Kelsey took her first steps in the pharmaceutical industry in 2021 with a QP internship at Pfizer. After this, she decided to continue her career within the media fill team at the same company. Ready for a new challenge, Kelsey decided to give her career a new direction and start as a QP/RP associate at Q-Support.
Kelsey is a very driven and eager to learn person and wants to make a success of her career at Q-support. She will therefore do everything to bring every project to a successful conclusion.
With over 10 years of professional experience spanning technical and commercial roles, Maud possesses technical proficiency across a broad spectrum of skills and a comprehensive understanding of the life science industry.
This technical background coupled with a proven track record in sales and recruitment equipps Maud with a unique perspective that will bring fresh insights to our Q-support Team.
Intuitive and charismatic Maud is an inspiring optimist, who readily takes action to do what she feels is right for her organization bringing the creative energy to achieve her goals.
Laïs Gryffroy began her career in the pharmaceutical industry after obtaining her Master’s degree in Industrial Pharmacy from Ghent University.
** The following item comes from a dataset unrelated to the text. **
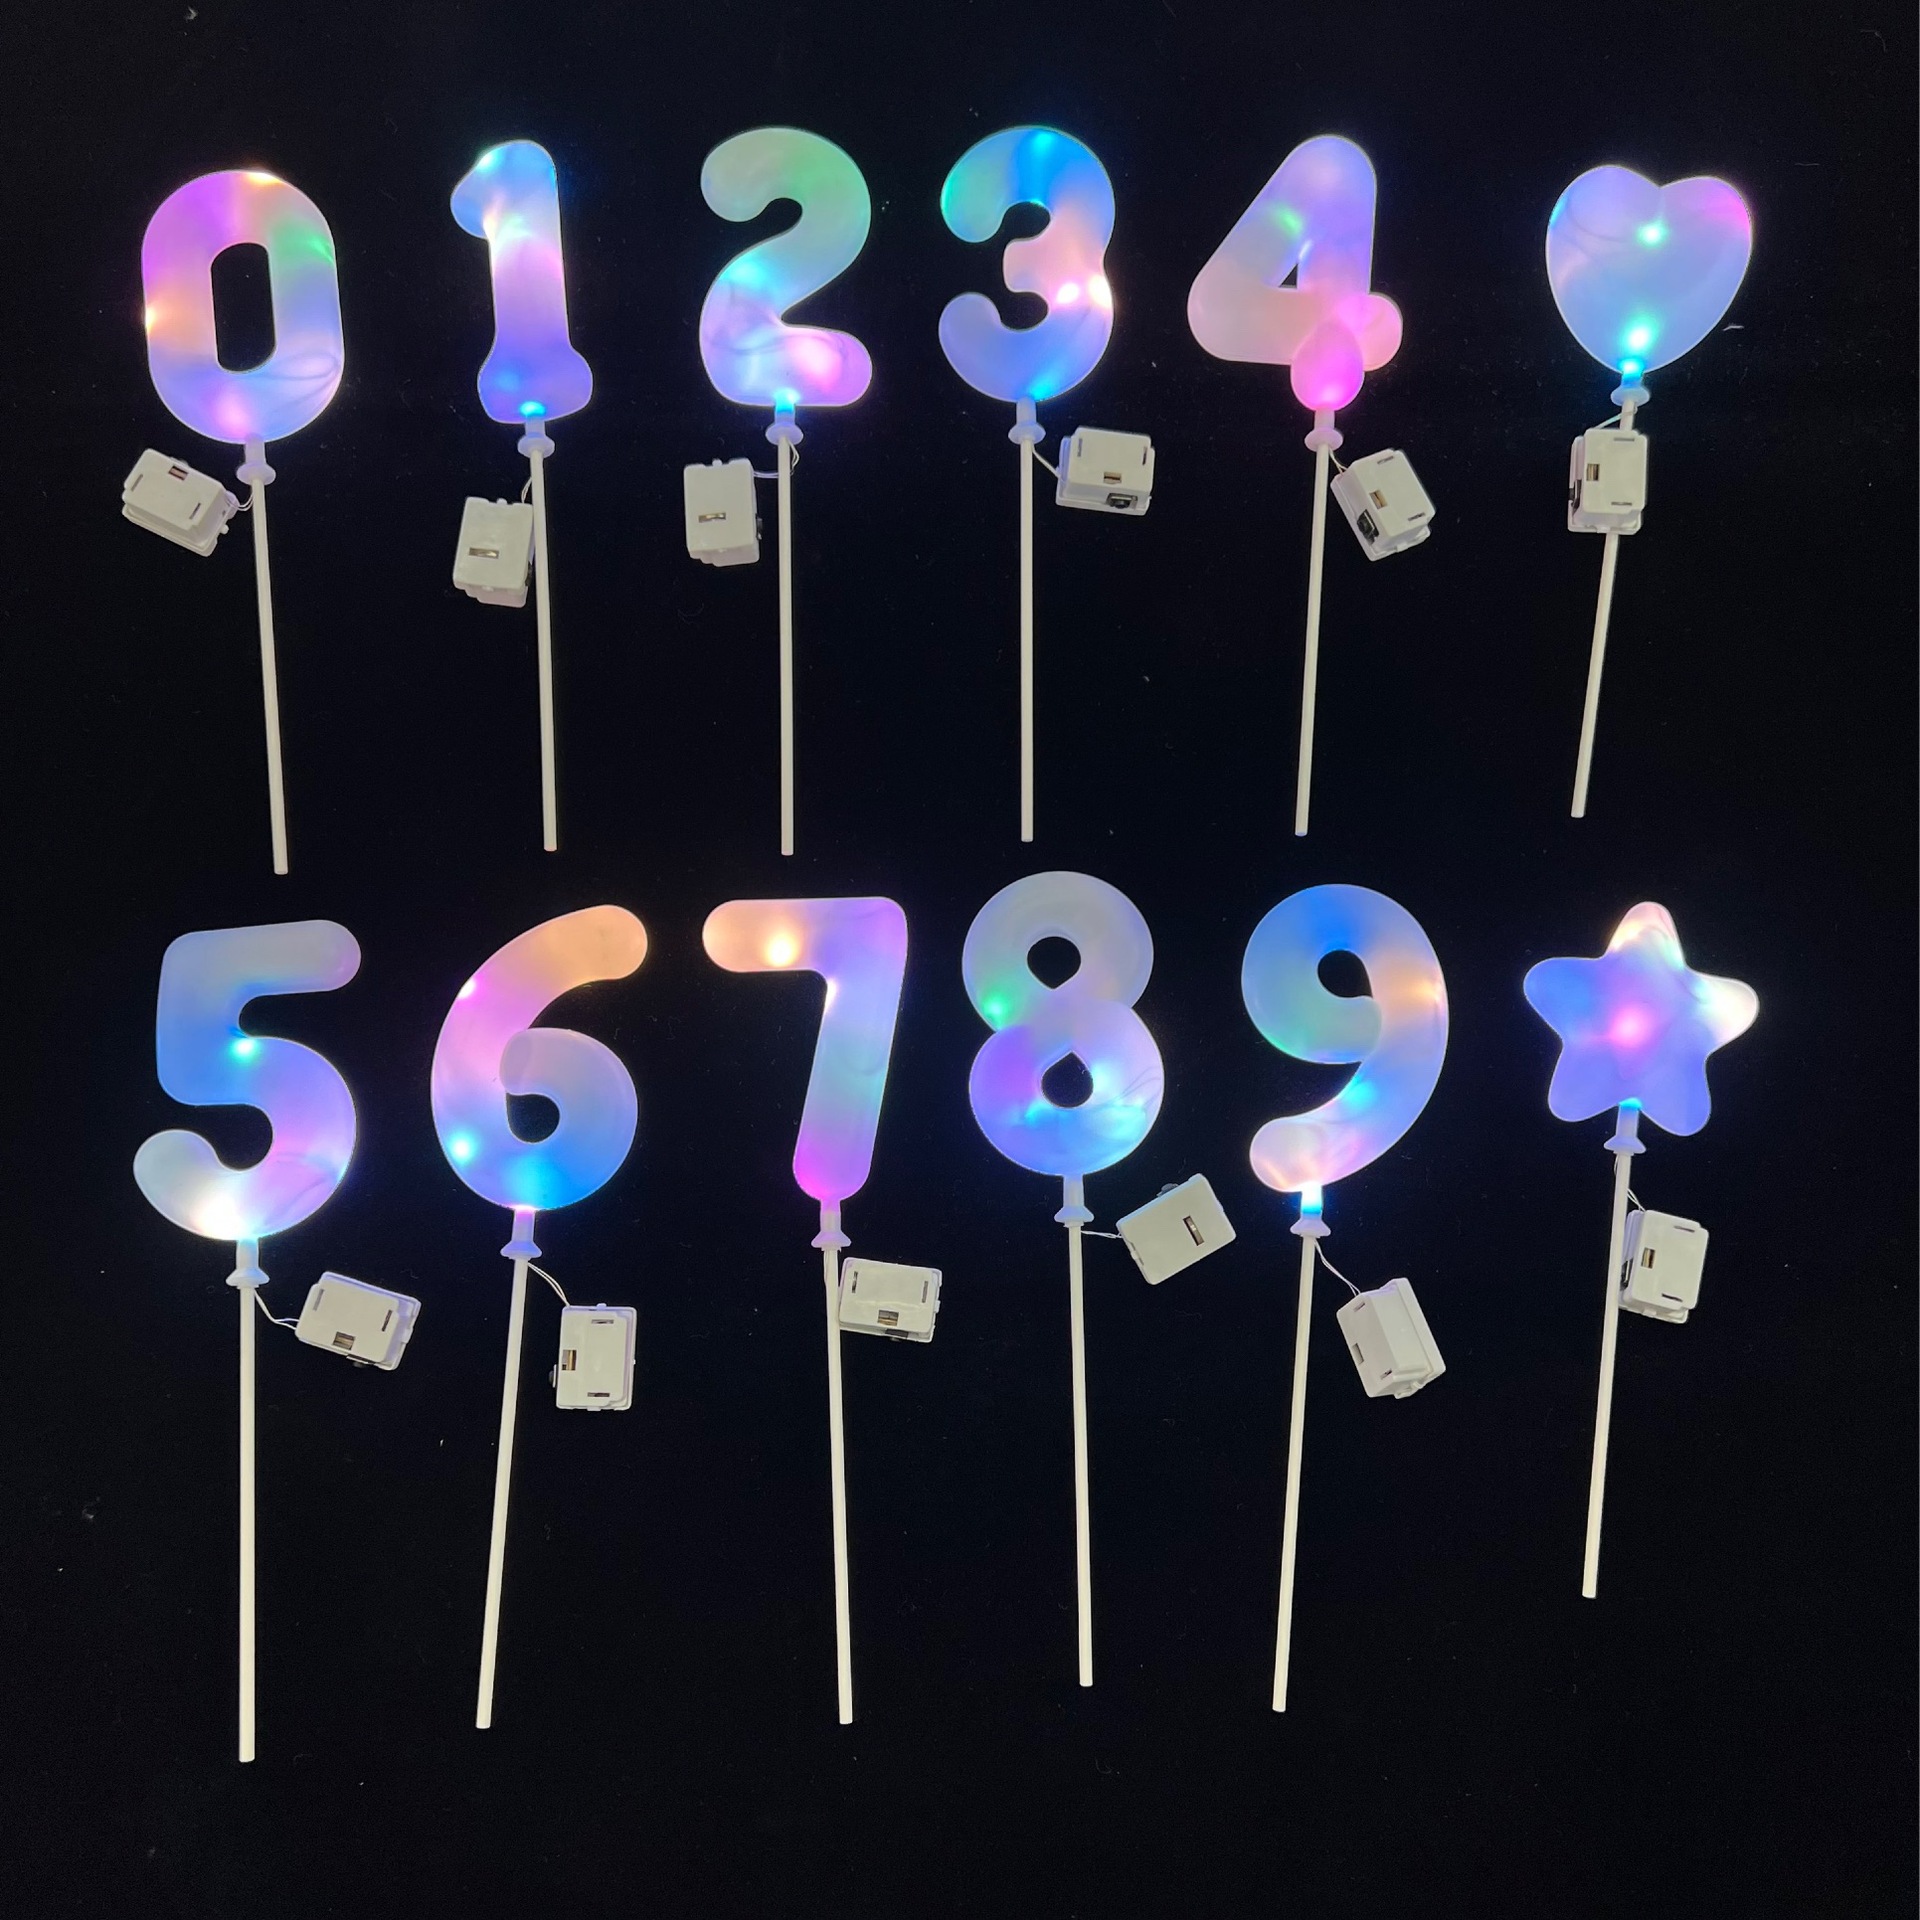 亚马逊生日蛋糕装饰 LED带灯数字蛋糕插件 烘焙甜品装扮花束装扮详情2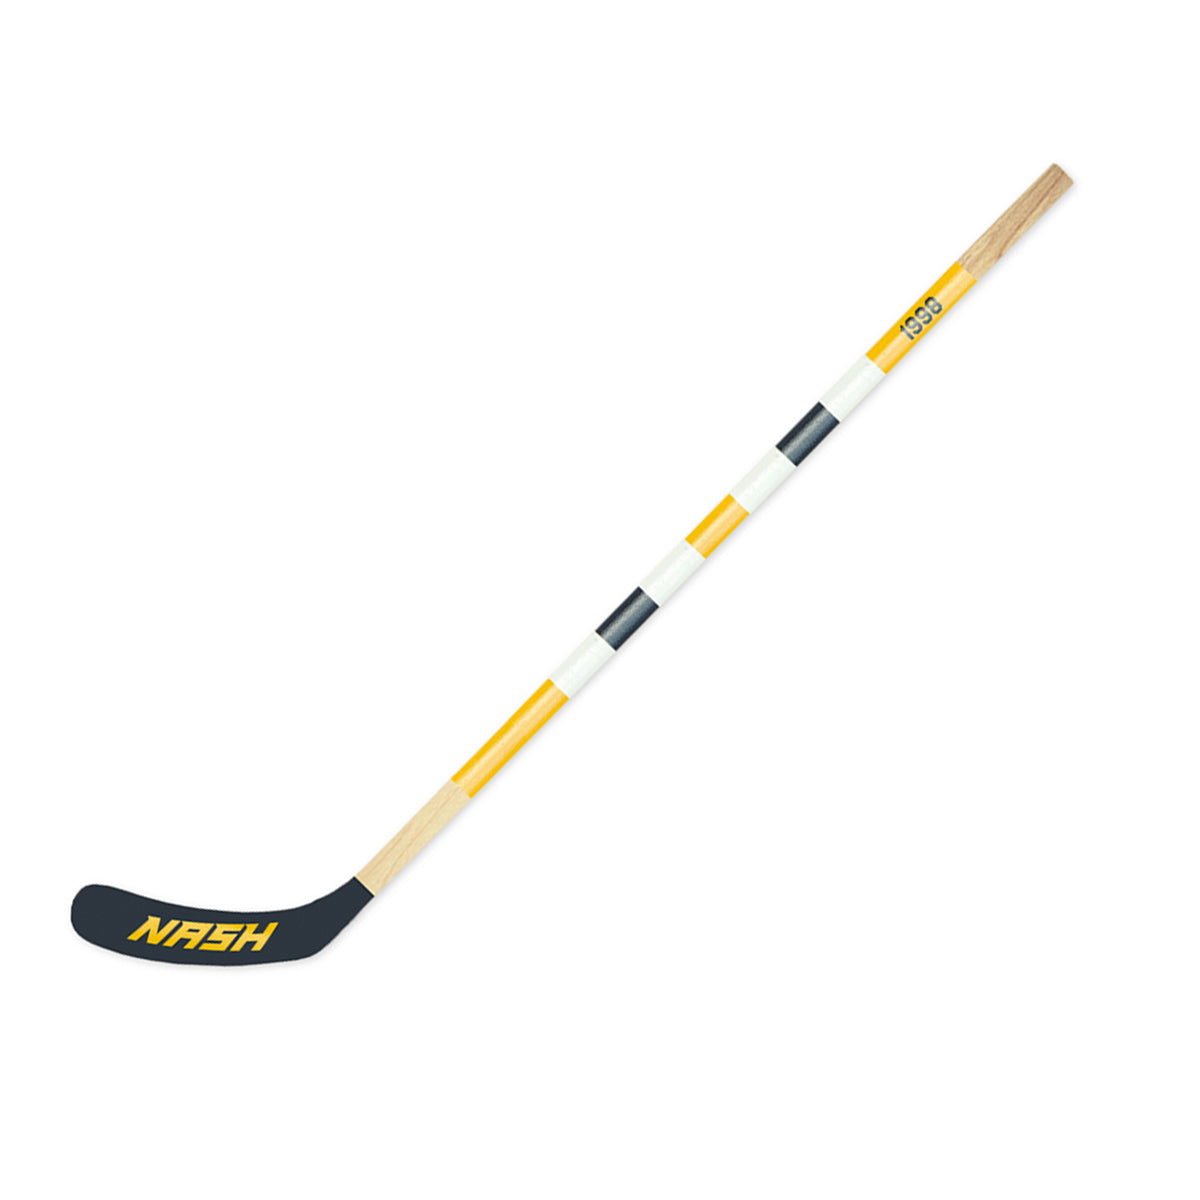 Nashville Mitchell Hockey Stick

Her interest in pharmaceutical quality led her to various roles, specializing in Quality Assurance and the key positions of Qualified Person (QP) and Responsible Person (RP).
With experience in a GxP environment, Laïs has developed expertise in various areas such as batch review and release, quality management systems (QMS), and deviation management. She has also actively contributed to the commercial launch of CAR-T therapies in the EMEA region.
With her experience and expertise in quality management and the distribution of medicines and medical devices, Laïs is committed to using her knowledge to provide practical and effective solutions for clients within the pharmaceutical sector.
With more than 17 years of experience in the pharmaceutical industry, Séverine has held various roles as a Quality Engineer within both Belgian and international companies. Her background covers areas such as cell culture in bioreactors, parenteral nutrition bag filling, and plastic component molding.
She has built strong expertise in implementing and ensuring compliance with GMP standards in manufacturing environments, combined with a hands-on ability to improve processes through continuous improvement tools directly on the shop floor.
Séverine particularly enjoys working closely with diverse teams and fostering a true Quality Culture. She looks forward to supporting your quality improvement projects with dedication and pragmatism.
Pierre worked for about fifteen years between 1997 and 2007 exclusively in community pharmacies, holding positions as owner, substitute, assistant, and managing pharmacist in various public pharmacies. Since 2007, he has moved into the pharmaceutical industry, specializing in regulatory affairs and, more specifically, in the role of Head of Information and Advertising (RIP). With extensive expertise in regulatory compliance and advertising management, he has held key positions at SGS Life Science Services (2007–2012) and AstraZeneca Belux (2012–2021), before becoming an RIP Consultant at Fartrade in 2021. Pierre brings a pragmatic approach and broad experience to ensure the success of complex projects.
After obtaining a Master’s degree in Pharmaceutical Sciences from ULB, Joseph earned the title of Industrial Pharmacist and Qualified Person in 2005, following a one-year traineeship at UCB. He then pursued his career within several pharmaceutical groups, holding a variety of roles across different departments, including manufacturing, R&D (process validation and technology transfers), and nearly nine years as a Qualified Person (Site QP) in a biotech CDMO. In this role, he was notably responsible for the certification of investigational and commercial medicinal products, as well as for overseeing the Quality Management System (QMS).
Building on his solid and diverse experience in GxP environments, Joseph joined the Q-Support team of experts in February 2026. Today, he puts his quality management expertise at the service of clients with rigor, enthusiasm… and always in a good mood.